豪華なシャンデリアが煌めき、一流の演奏家たちが奏でる音楽が流れている。
ここは、マネルーシ王国の王城。今宵は夜会が開かれている。それは、マネルーシ王国が隣国のティアル王国との交流を目的として開催されたものだった。
広々としたホールでは皆がダンスを楽しみ、その傍らでは社交が行われている。ひしめく人の間を縫うように、給仕をする者が足早に、且つ、優雅に行き交っていた。
「ふぅ……」
「王女殿下、お疲れでしたら控室にお連れします」
「いえ、そうじゃなくて。……でもそうね、少し疲れたかも。外の空気を吸いたいわ」
「でしたら、バルコニーに」
「そうね……」
「殿下?」
思案していても、その瞳は宝石のような輝きを放ち、姿勢のよい立ち姿には高貴さが漂っている。身に着けているものといえば、もちろん一流の品ばかり。

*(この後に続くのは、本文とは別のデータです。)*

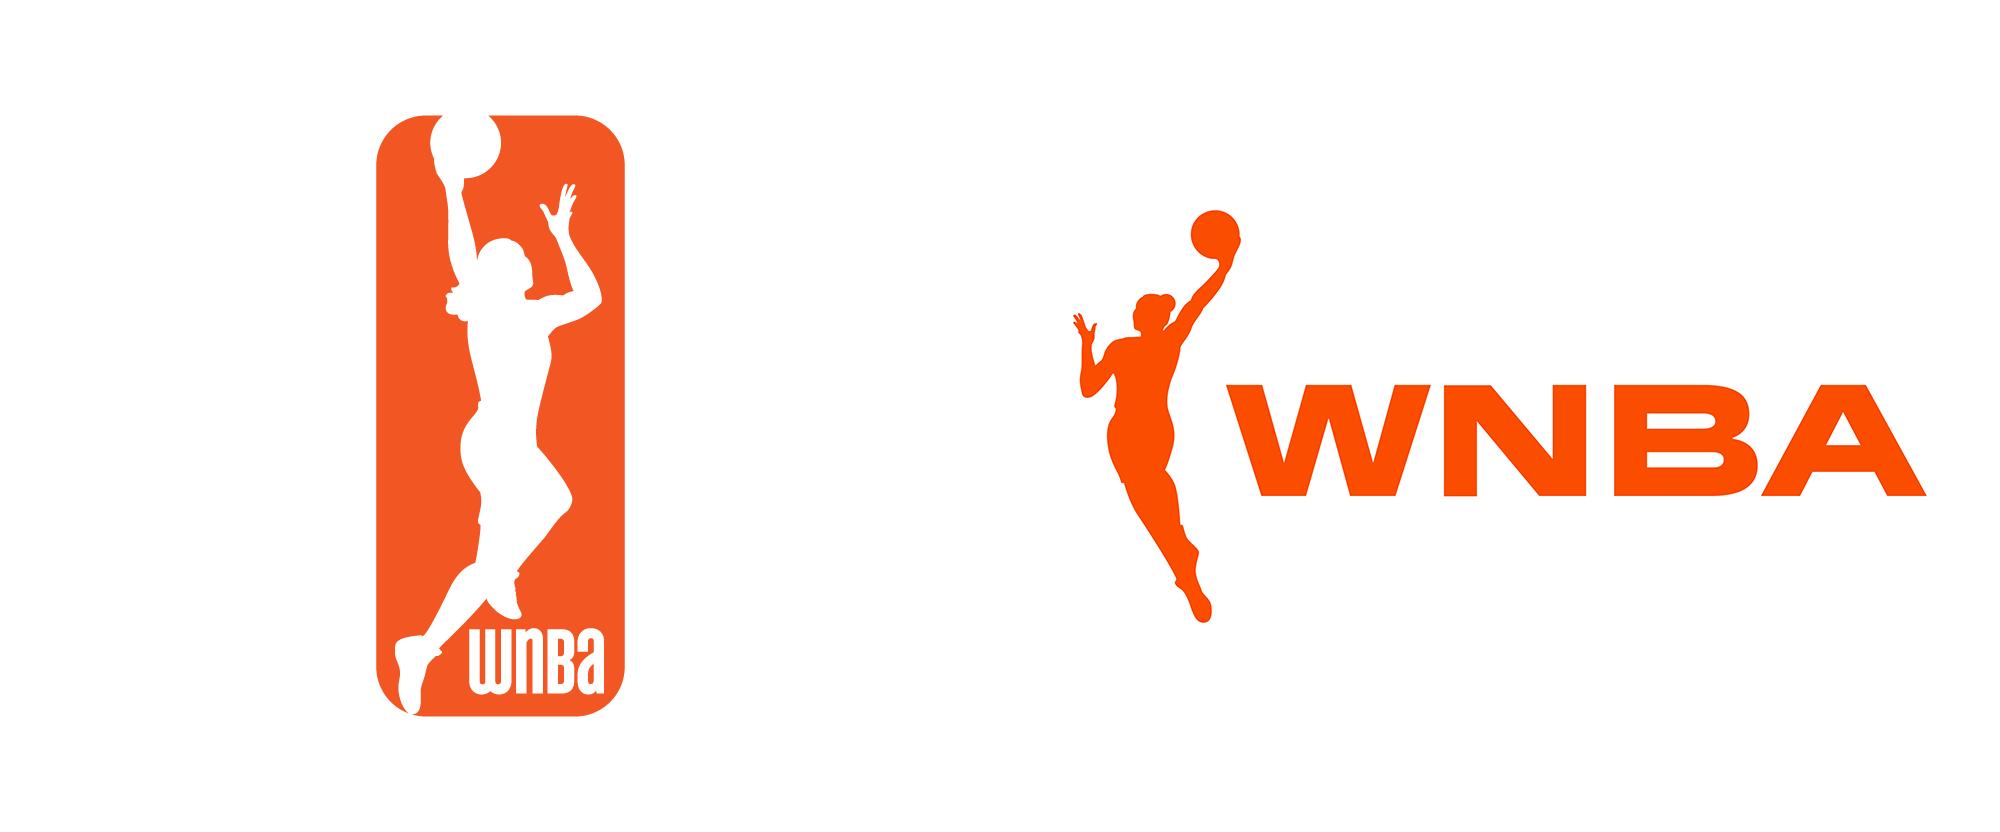 2019 WNBA Logo.

そんな彼女は、側に控える護衛に向かって不満を漏らした。
「ジョナス、「王女殿下」なんて呼ばれるとむず痒いわ。いつもどおりでいいから」
「しかし……」
「私が王女といっても、この国の貴族たちは敬ったりしないわ。表ではそう振る舞っていても、裏では私たちを見下しているのだから」
「……」
「だから、いつもどおりでいいのよ。私がそう望んでいるの」
ジョナスと呼ばれた護衛は、口を真一文字にして俯き加減になる。そして、その拳は強く握られていた。頭の上にある丸い耳が、若干萎れている。尻尾もしょんぼりと下がっていた。
しかしすぐに顔を上げると、しっかりした声で応える。
「承知いたしました、ダイアナ様」
「それでいいわ」
ダイアナが満足そうに微笑む。その微笑みは、天使のように神々しい。
その笑顔に周りは魅了されるが、それも一瞬のこと。すぐに平常を取り戻す。だが、ダイアナの一挙手一投足に皆が注目しているのは、一目瞭然だった。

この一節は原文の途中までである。